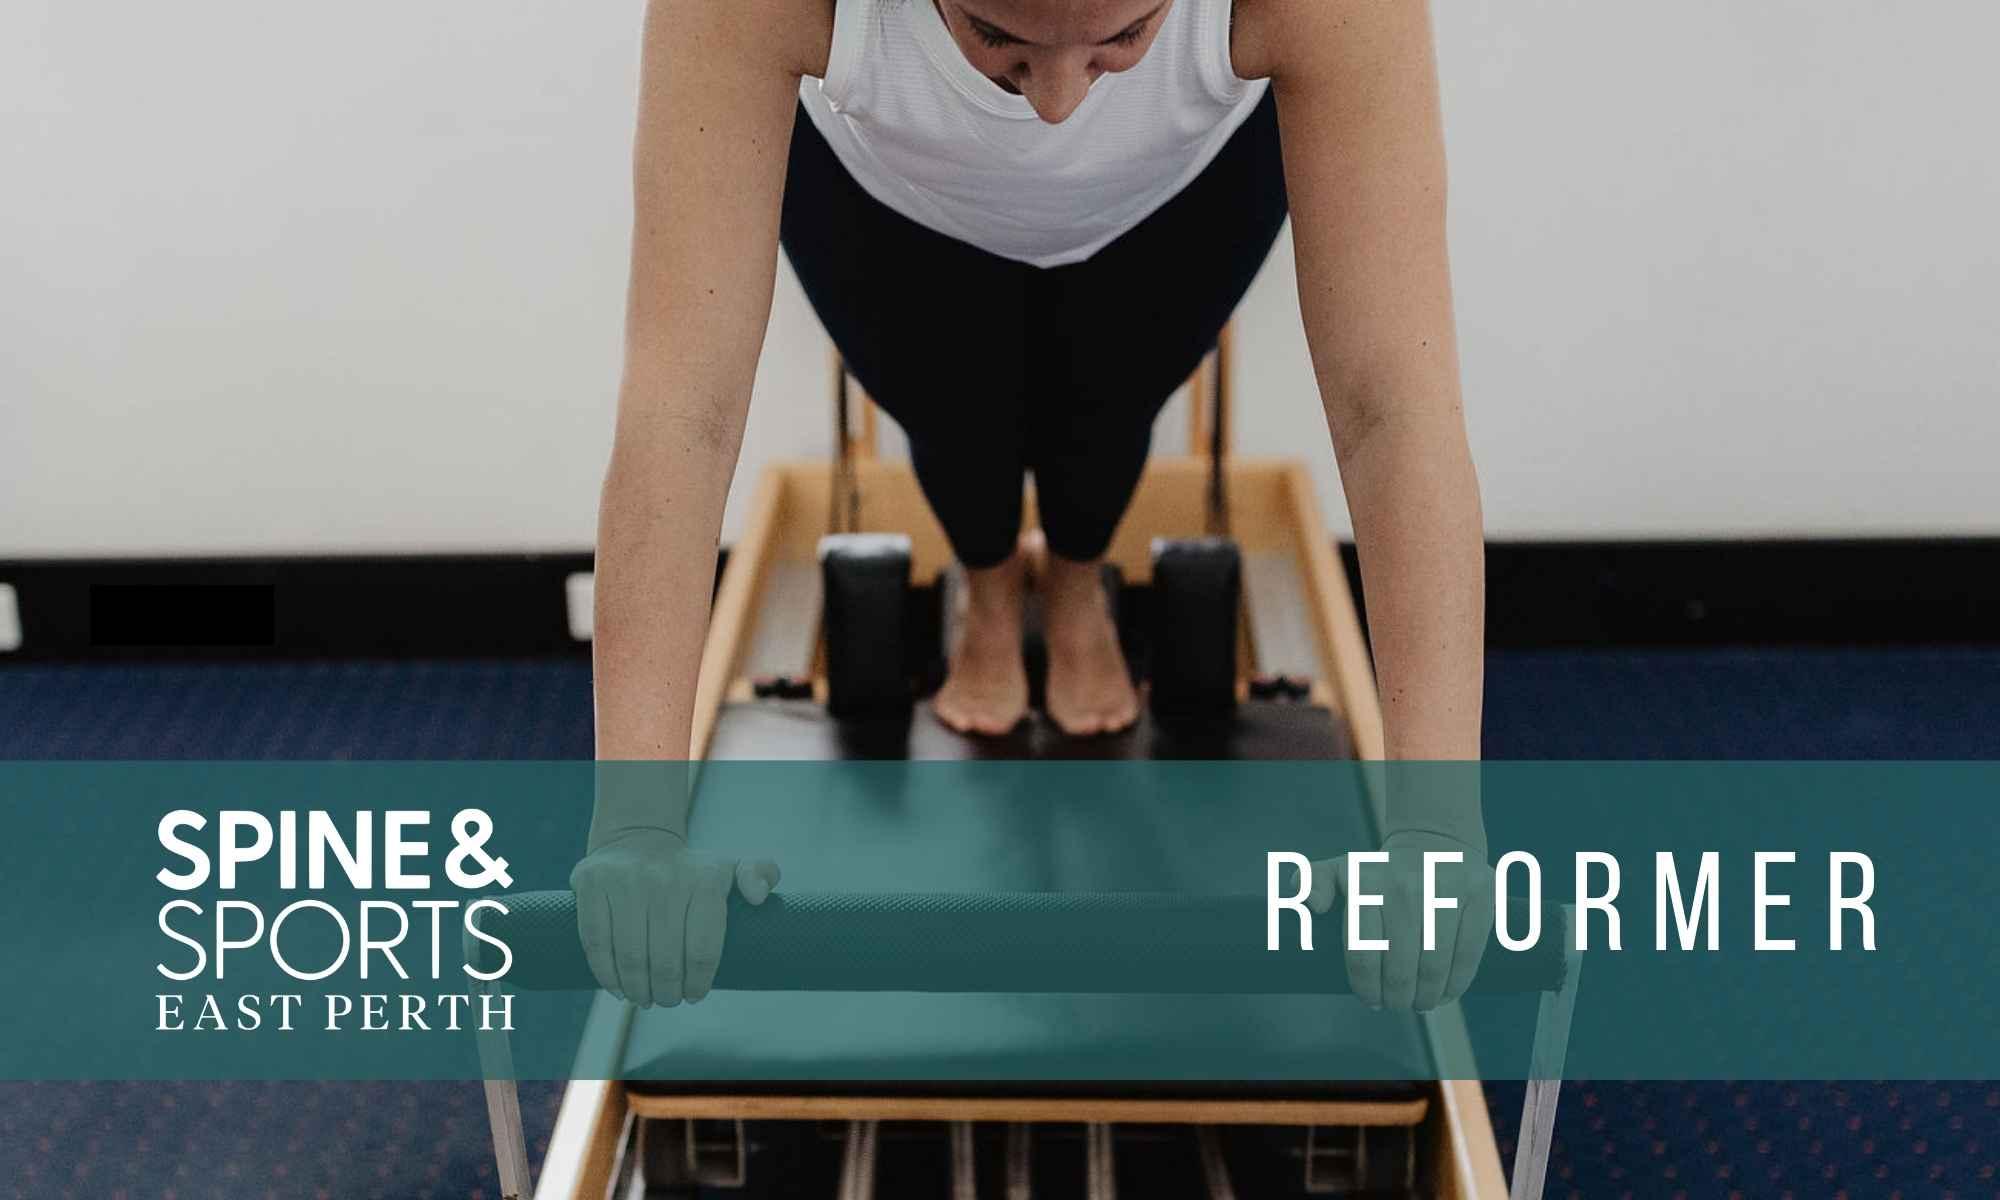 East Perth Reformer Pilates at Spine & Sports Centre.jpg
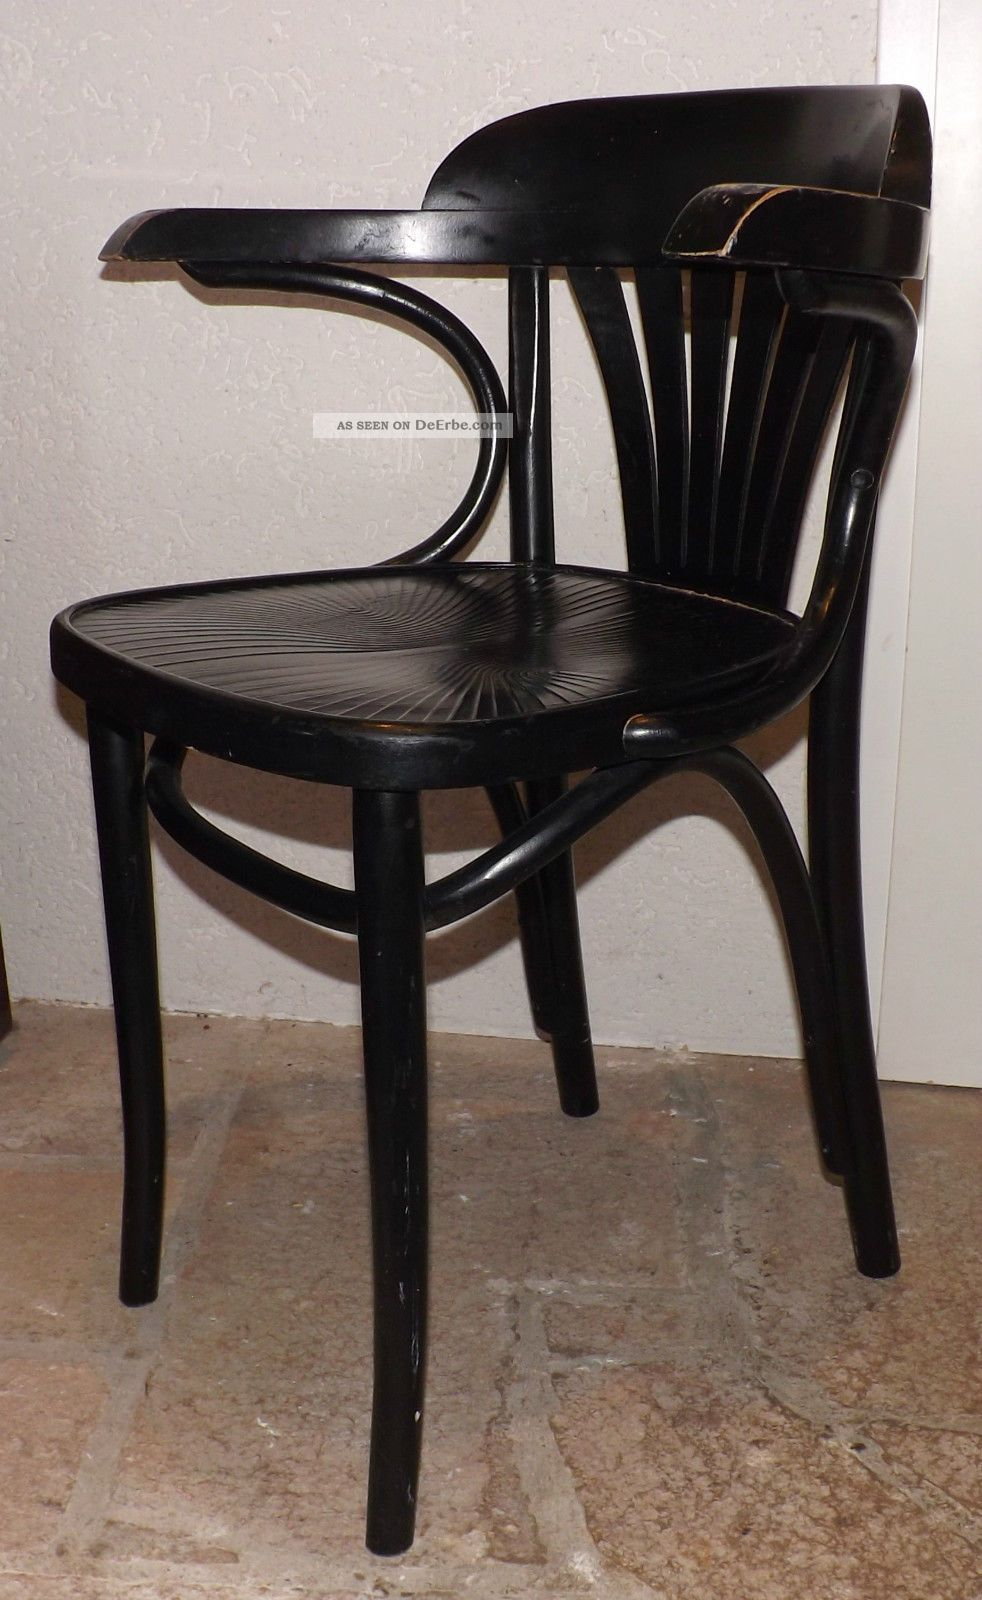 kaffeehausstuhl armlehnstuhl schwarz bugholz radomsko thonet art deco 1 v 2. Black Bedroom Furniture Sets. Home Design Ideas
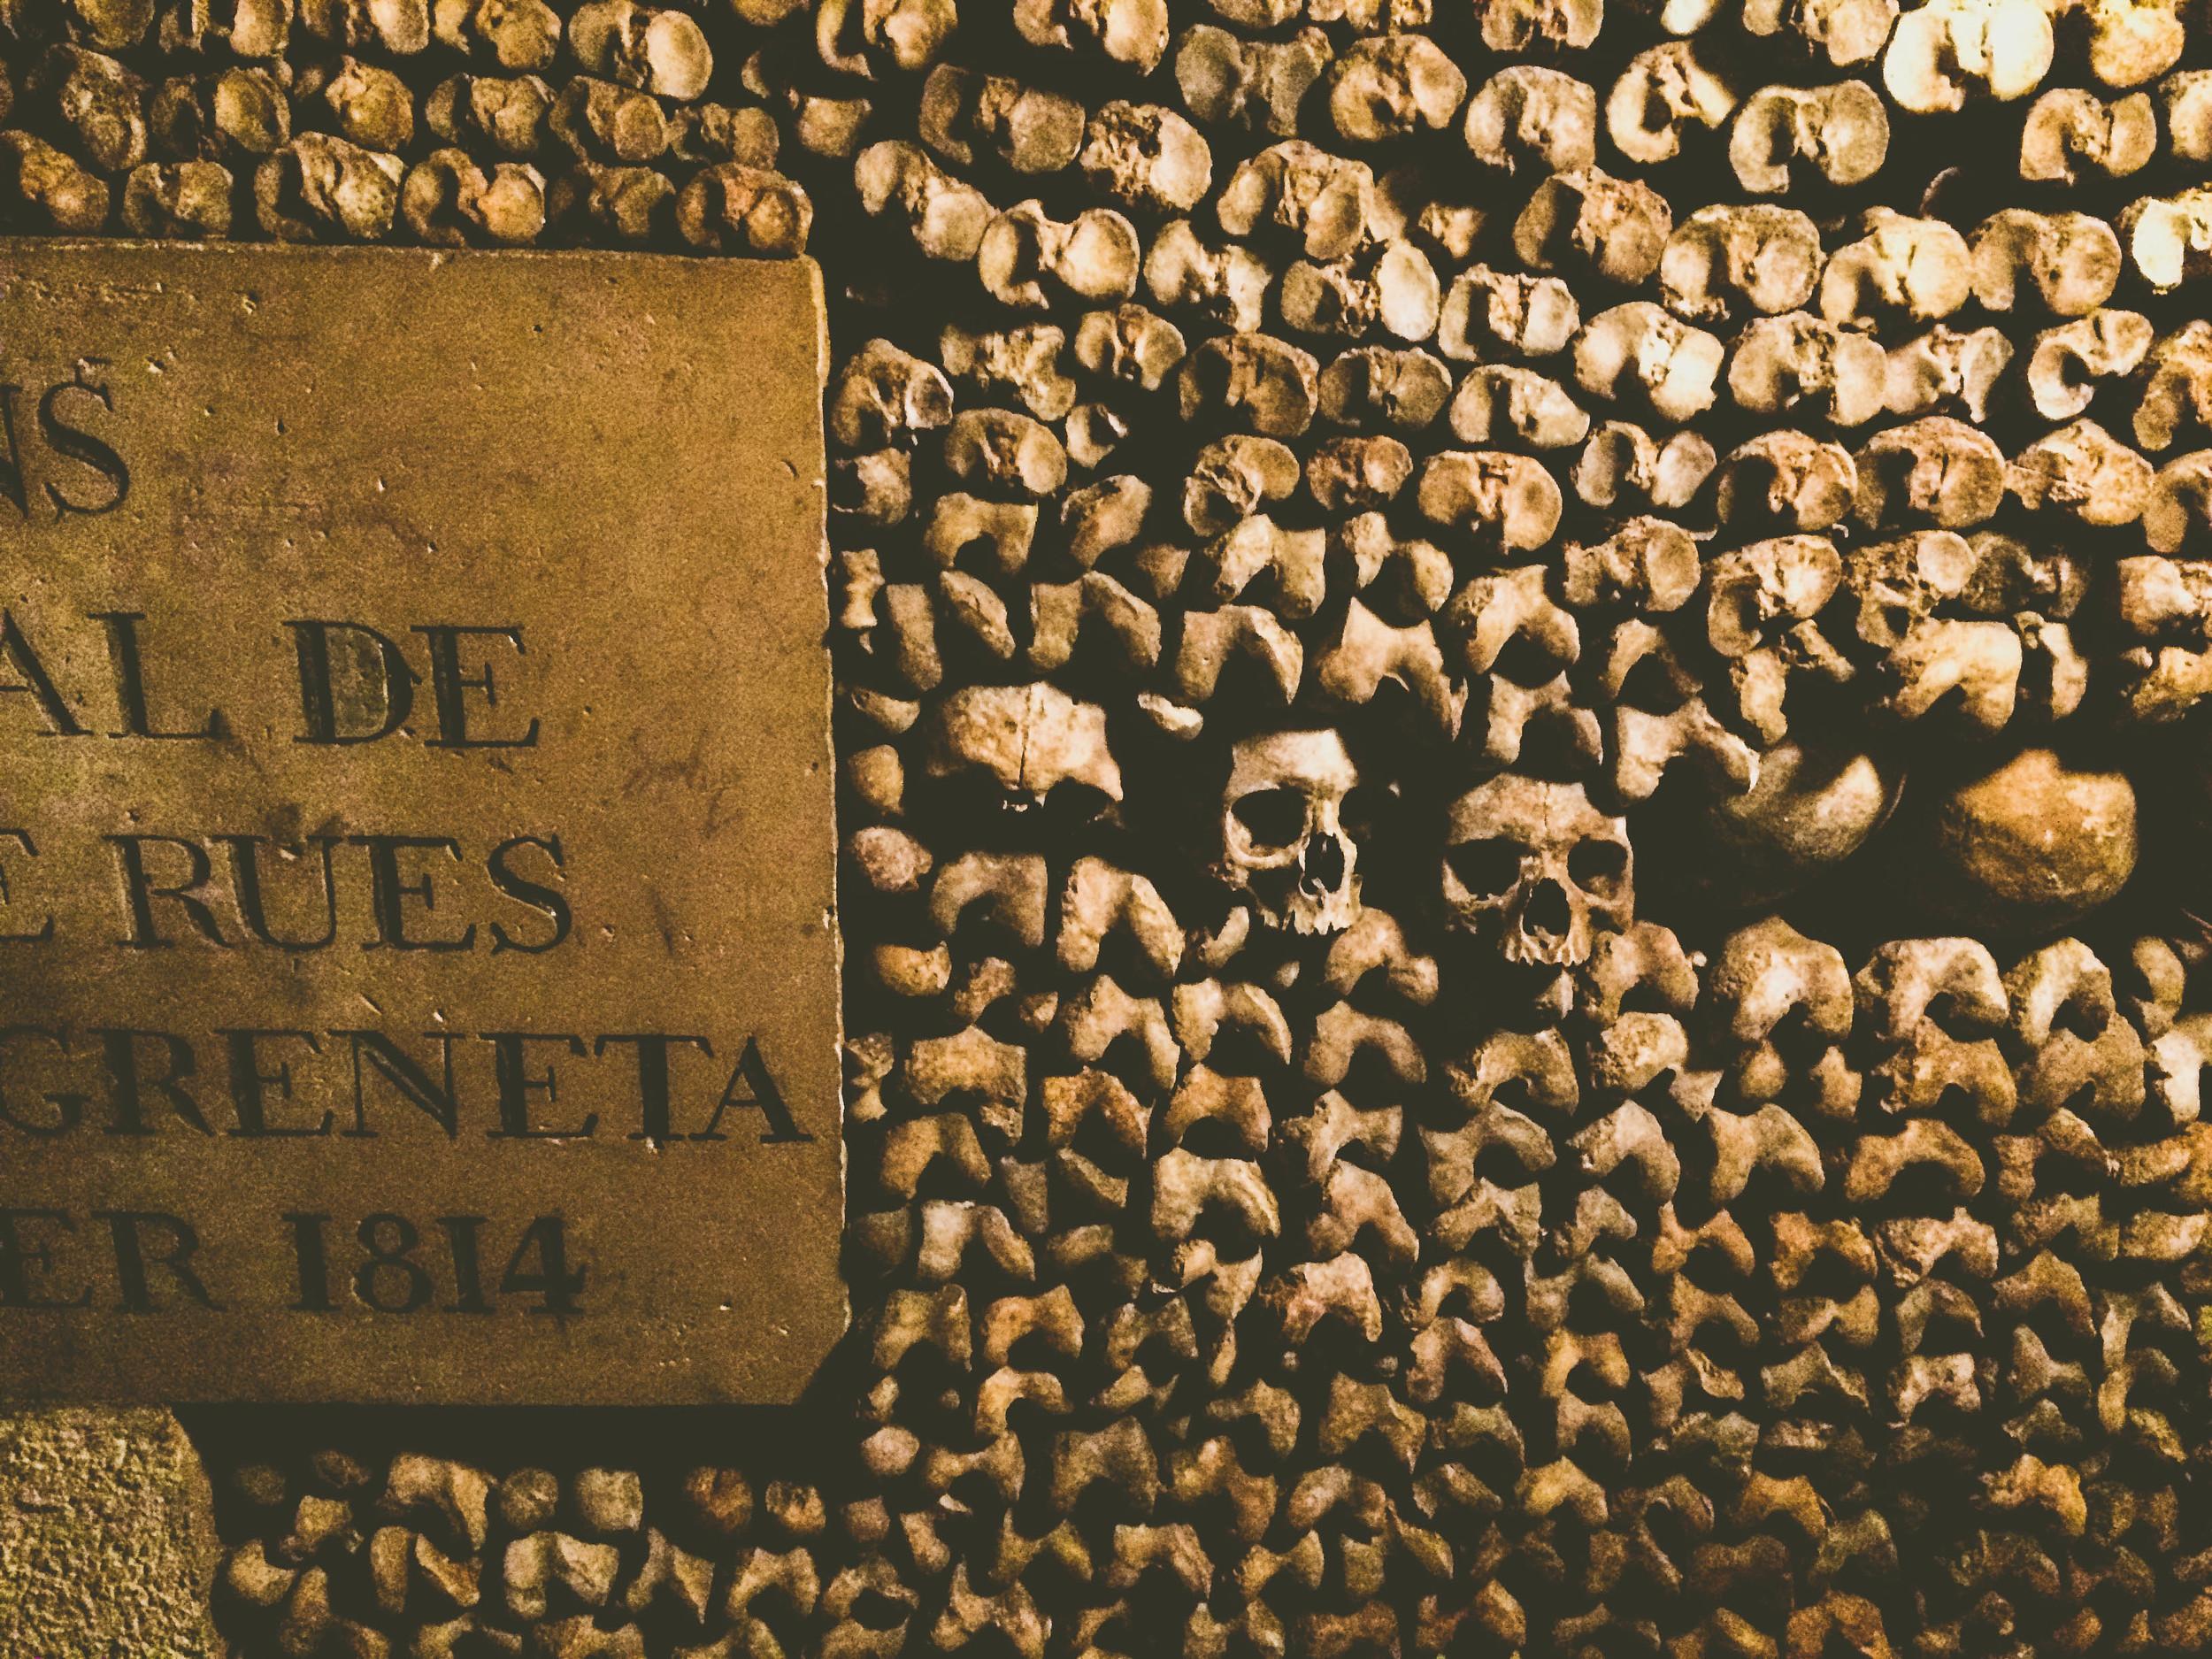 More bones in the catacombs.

→ Work required
Your task is to restate word for word the lines from the line holding "kaffeehausstuhl armlehnstuhl schwarz" through the final line of the listing, both included, but none of the pictures.

→ Output of the task
 kaffeehausstuhl armlehnstuhl schwarz bugholz radomsko thonet art deco 1 v 2. Black Bedroom Furniture Sets. Home Design Ideas
 More bones in the catacombs.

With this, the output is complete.